Show each line of the records below where the word "this" occurs.

..............................

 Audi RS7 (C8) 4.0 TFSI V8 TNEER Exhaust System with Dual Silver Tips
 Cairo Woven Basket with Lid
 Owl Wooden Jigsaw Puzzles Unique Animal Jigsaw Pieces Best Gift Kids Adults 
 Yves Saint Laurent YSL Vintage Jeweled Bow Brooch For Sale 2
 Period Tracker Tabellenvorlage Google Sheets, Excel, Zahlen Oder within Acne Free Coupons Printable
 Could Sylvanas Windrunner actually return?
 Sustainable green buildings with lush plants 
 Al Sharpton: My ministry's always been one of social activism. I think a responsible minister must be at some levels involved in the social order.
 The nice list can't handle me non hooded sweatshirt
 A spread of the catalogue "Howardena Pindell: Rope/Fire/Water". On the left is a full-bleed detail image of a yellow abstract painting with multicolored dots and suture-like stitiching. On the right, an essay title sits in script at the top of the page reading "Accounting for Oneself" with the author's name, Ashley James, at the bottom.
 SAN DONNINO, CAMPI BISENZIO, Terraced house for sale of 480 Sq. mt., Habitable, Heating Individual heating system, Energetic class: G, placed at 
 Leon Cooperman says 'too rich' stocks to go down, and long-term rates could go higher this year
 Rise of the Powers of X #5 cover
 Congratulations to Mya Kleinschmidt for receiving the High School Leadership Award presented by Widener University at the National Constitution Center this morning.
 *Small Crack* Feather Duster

..............................

**EXERCISE OUTPUT**
 Leon Cooperman says 'too rich' stocks to go down, and long-term rates could go higher this year
 Congratulations to Mya Kleinschmidt for receiving the High School Leadership Award presented by Widener University at the National Constitution Center this morning.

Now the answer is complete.